Grayling's Song(3)



The wise woman frowned at her daughter. “I can do nothing, go nowhere, rooted to the ground as I am. You will have my philters and potions, my charms and my songs, the wisdom of the others, and your own wits.”

Grayling shook her head no and no again. “Your philters and potions are burned and scrambled, the charms and songs are yours and not mine, I do not know of any others, and my wits? You have often called them weak and fragile things.”

“Although it appears your tongue works exceedingly well. Now hush and let us tackle the impediments one by one.” Grayling’s mother sighed. “How I wish I could sit down. My knees pain me with the standing.” Her eyes filled with dark sadness, and Grayling’s heart grew sore with sorrow and fear. “Bring me the witch hazel and comfrey ointment.”

Grayling gestured toward the ruins of the cottage. “Everything is tumbled and broken, spilled and charred and ruined.
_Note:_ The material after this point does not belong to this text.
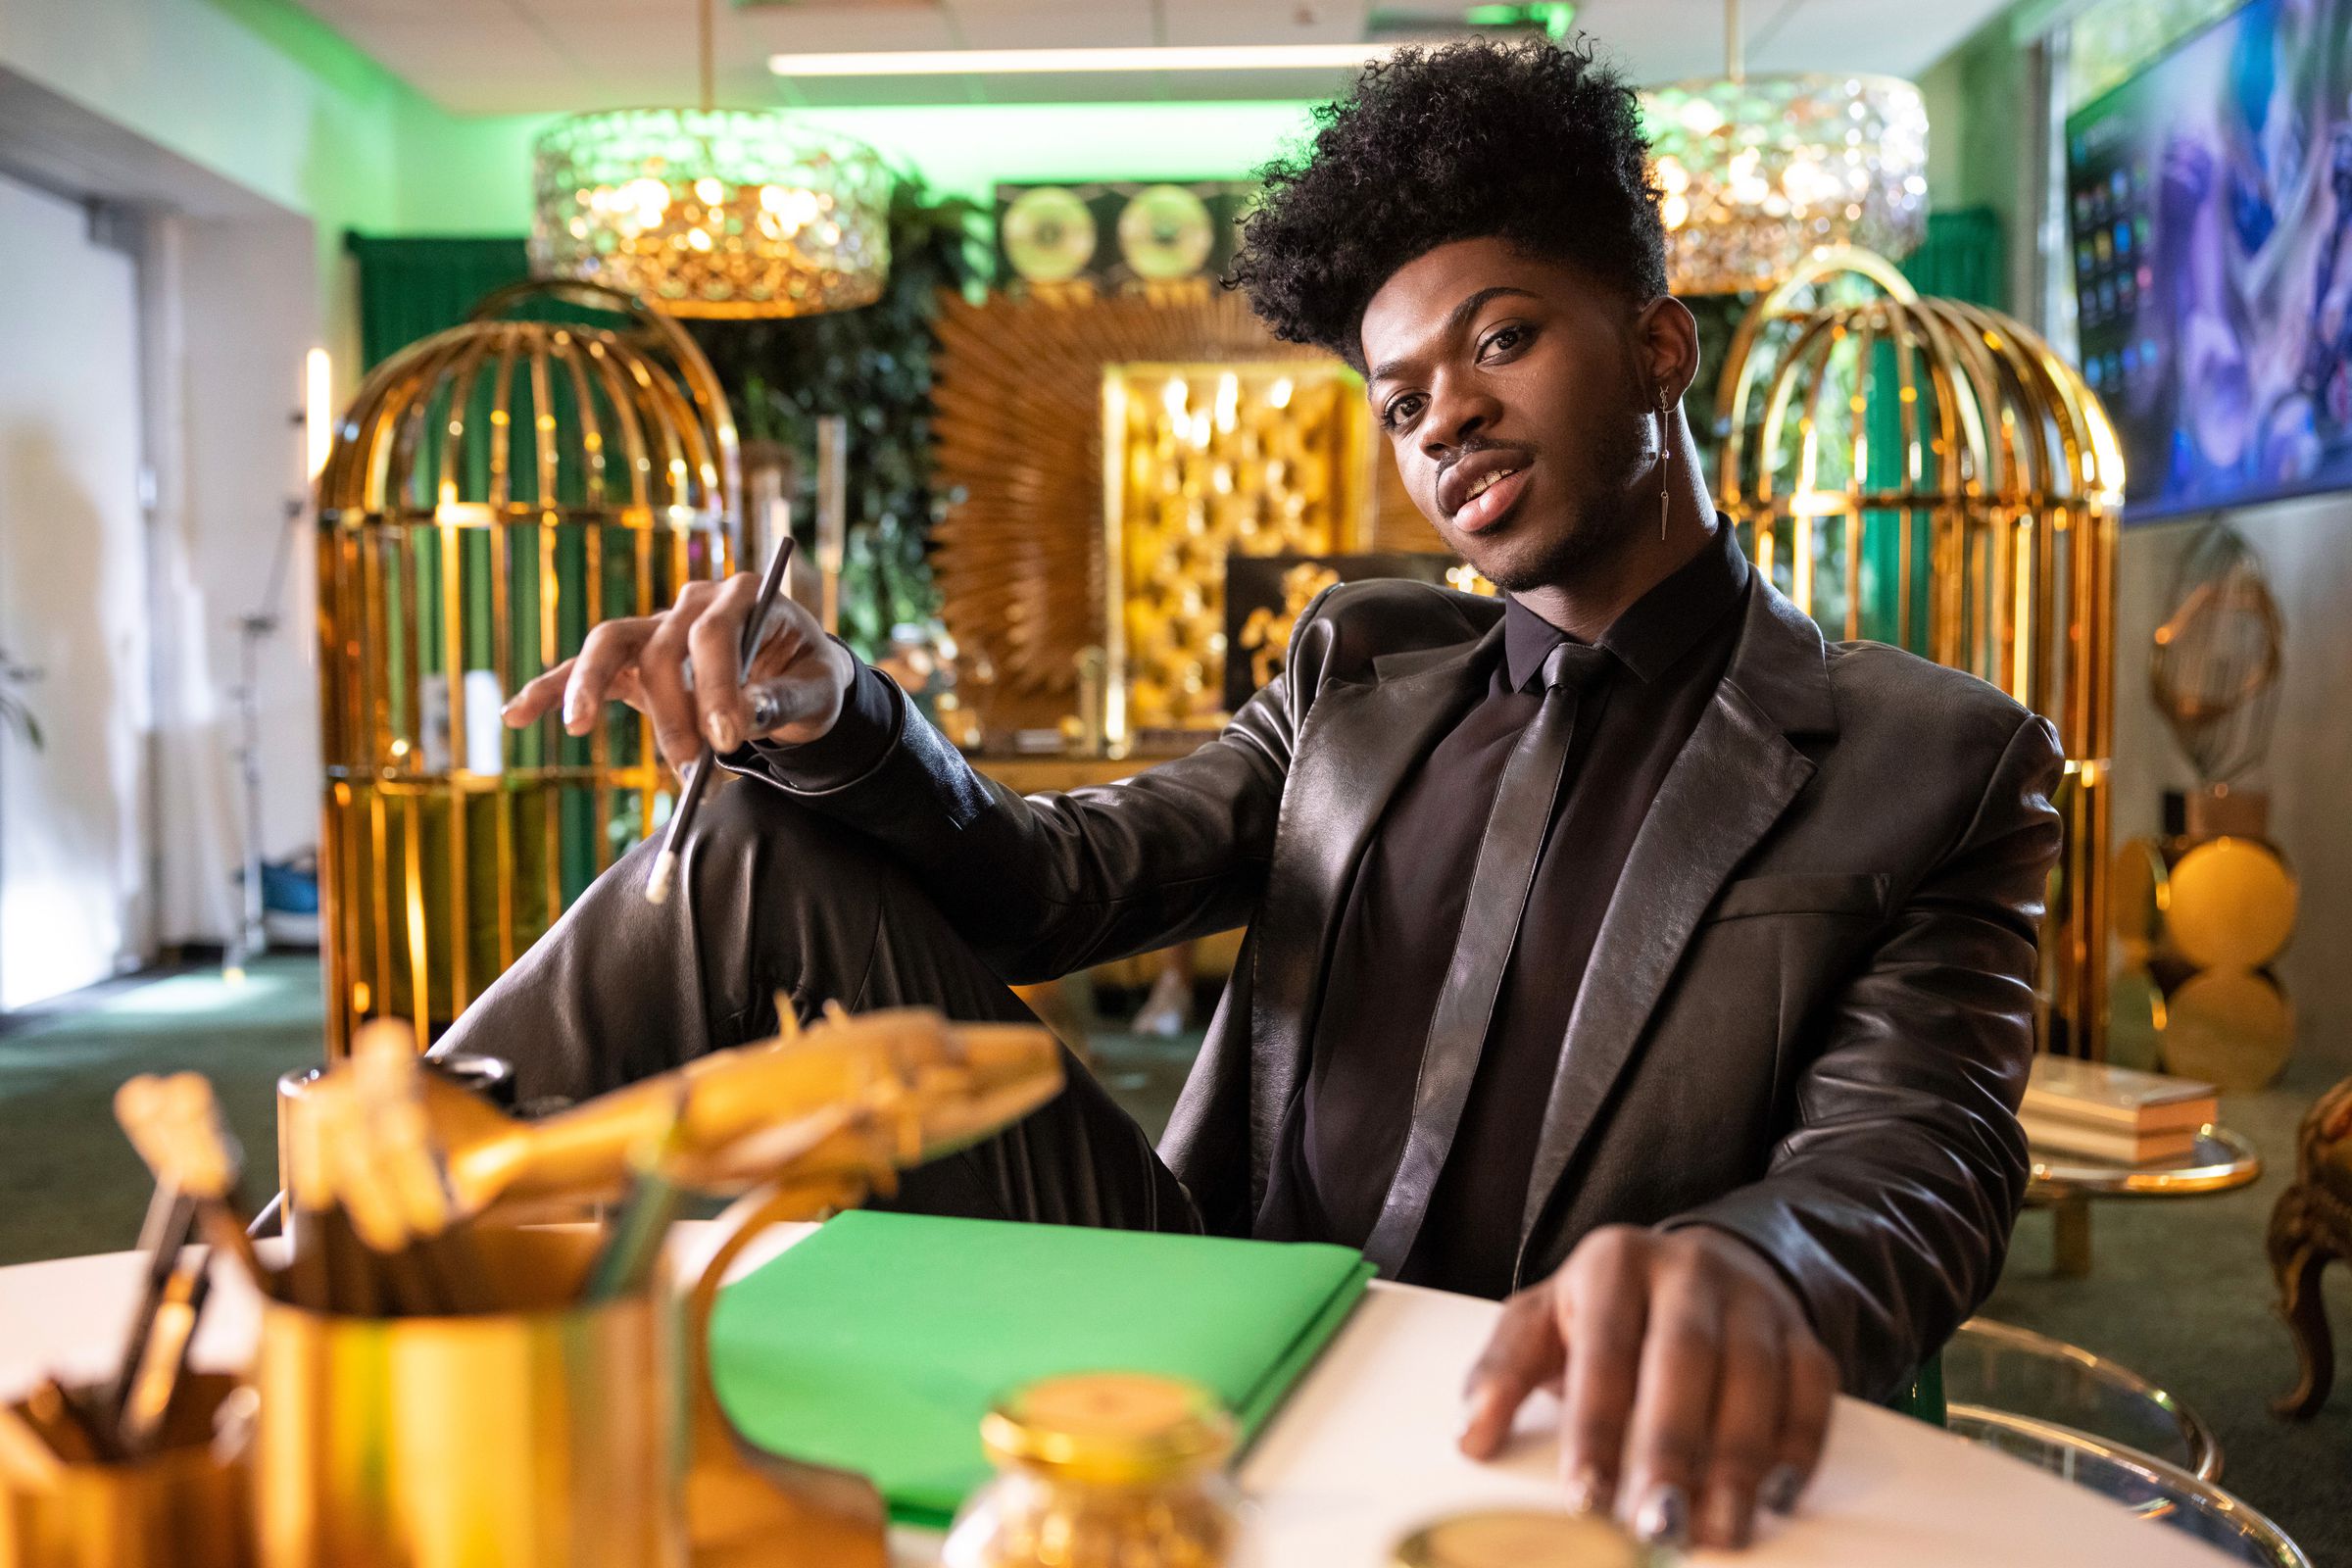 A photo of Lil Nas X in an all-black outfit, seated at a table in a room filled with gold accents.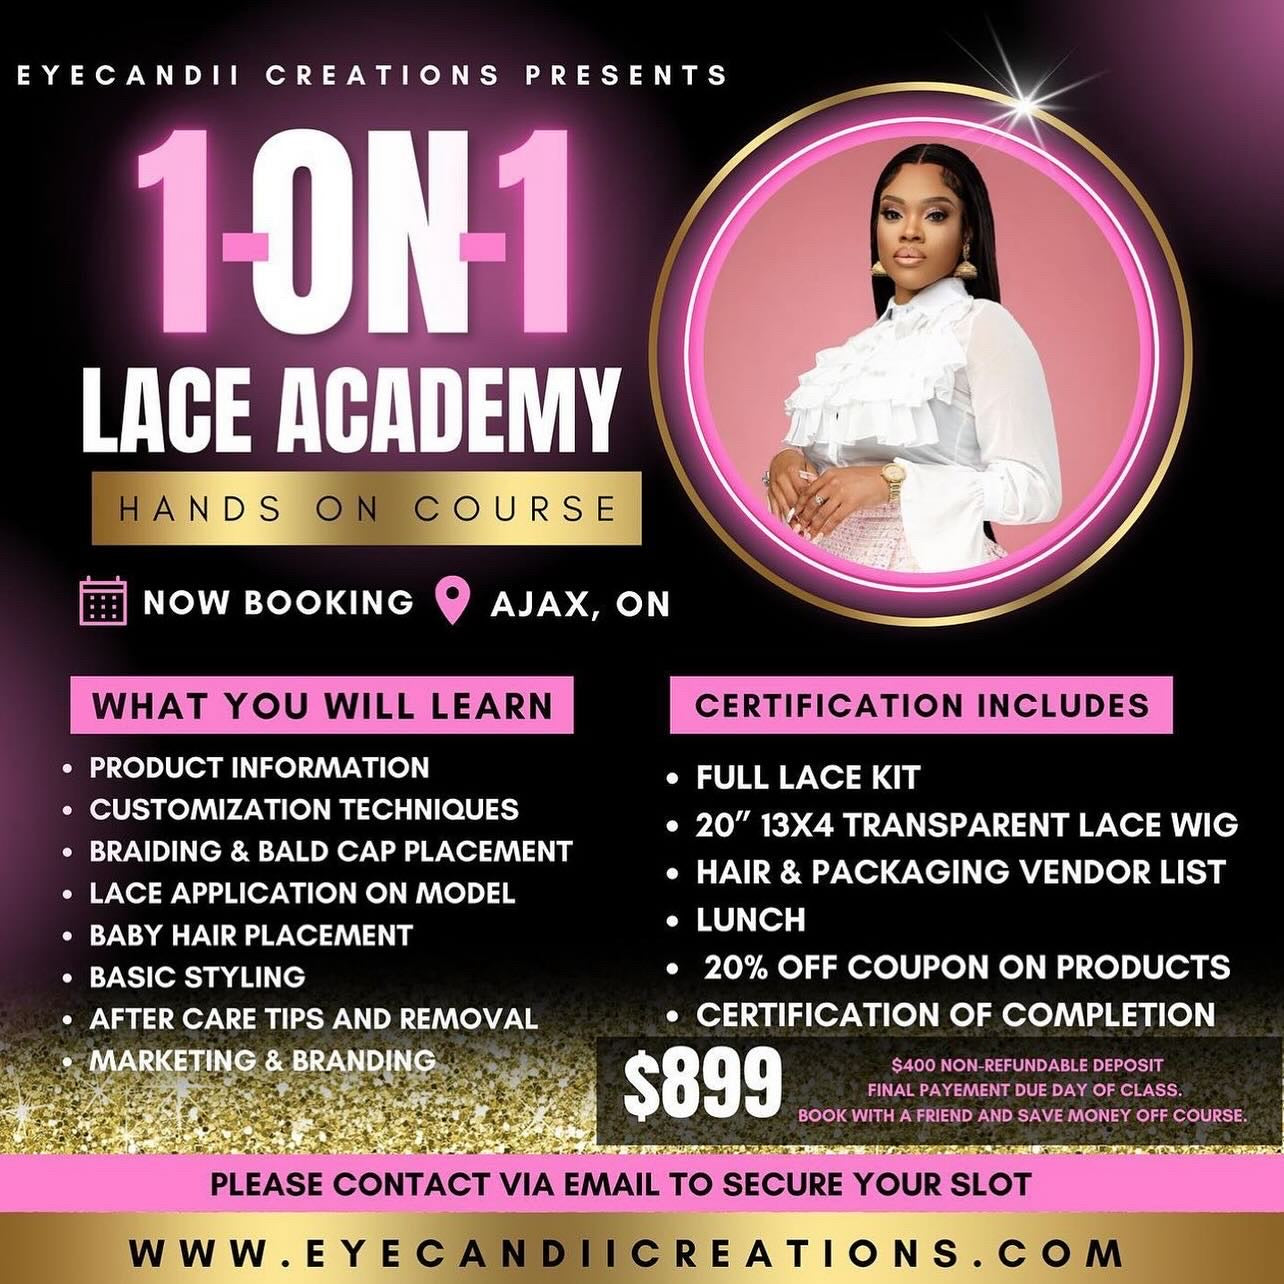 1-ON-1 LACE ACADEMY HANDS ON COURSE

I don’t know what is what or for which.”

“Go and fetch what jars survive. We can know the contents by their smell.”

Grayling went back into the remains of the cottage. With her hazel stick, she poked through the debris again and lifted the pots that were most whole. She wrapped them in her skirt, carried them back to her mother, and laid them at the woman’s feet . . . roots . . . feet. One by one, the girl lifted the vessels and took a deep sniff of the contents. Some burned her nose, some comforted it, some made her belly turn over in distress, but they all smelled alike to Grayling—“Like smoke and loss,” she told her mother.

The comfrey ointment could not be found, but Hannah Strong could identify the rest. “The one with a faint scent of roses and lovage is the binding potion to compel faithfulness,” she said, and, “Achoo! That is sneezewort to repel insects.” She named them all. Grayling ripped pieces from her shift, covered each pot with a scrap, and tied it on with twine. Then, at her mother’s instruction, she marked its name with a piece of charred wood, for Hannah Strong thought a wise woman’s daughter should know the way of words. The pots went into Grayling’s basket: potions and salves and oils for protection, for sleeping and healing, for binding, shape shifting, and truth telling.

“With these you will not be defenseless. Now go,” her mother said. “You needn’t fight any demons or dragons. Just find the others, if others there still be.”

“Who or what are these others?”

Hannah Strong waved a hand about. “Hedge witches, hags, charmers and spellbinders, conjurers, wizards, and soothsayers. You do not think I am the only cunning woman in the world? We be solitary folk, but they will come when you call.”

Grayling backed away, shaking her head. “Such a task calls for a brave and skillful person, someone bold, with cunning and magic. Call on one like that.”

“Daughter, you say enough no for a town full of faint hearts,” said Hannah Strong. She would have stamped her foot in irritation if foot she’d had. “Would I had a spell to compel you, but I must rely on your care for me.” Hannah leaned over and rubbed her right knee. She was bark to her shins.

Grayling felt the rush of a familiar combination of overwhelming love for her mother, annoyance at her demands, and fear of her temper, her power, her determination. She paused to think. Belike she could find one of these others, one with magic and skill, who might know what to do and do it, and she could come home. It might be that simple.

“How would I find these others?”

“Go to the market square of a town, as many towns as there be, and sing.”

“Sing? Sing what?”

“There is a gathering song I will teach you. Sing this, and the others, if others there still be, will find you.” Hannah Strong, her knees brown and rough as bark, sang.



By wax and wick,

By seed and root,

Through storms of trouble,

We gather.



Strange matters appear:

Thunder and fog,

Dark and midnight hags,

Toads, beetles, bats

Surround us.



From town and country, hill and valley,

From mountain’s snowy crest,

From cellar, attic, church, and alley,

I call to you. I call to you.



Afore danger find us, shackles bind us,

And dreams go up in smoke.

Come to me, come to me,

All wise and cunning folk.



Come—

By wax and wick,

By seed and root,

Through storms of trouble,

We gather,

We gather.





Grayling brightened. “Have you now called them with the song? Will they come here and tell us what to do to free you?”

Hannah Strong shook her head. “It will be many miles and many singings before they will hear and respond. But they will, if any there be—there is power in the song. Now you sing.”

All unwilling, Grayling sang, stumbling over the unfamiliar words, again and again until she knew the song. Then her mother taught her a song to sing to the grimoire and how to listen for the grimoire singing back, provided that no water stood between them.

There were three kinds of songs, Grayling knew—a song with words and music, a song with melody and no words, and a song with no words and no melody that was instead a thrumming in the head and a throbbing in the heart. This last was what her mother taught her now, and Grayling heard it not with her ears but with her mind and her spirit. And she repeated it the same way.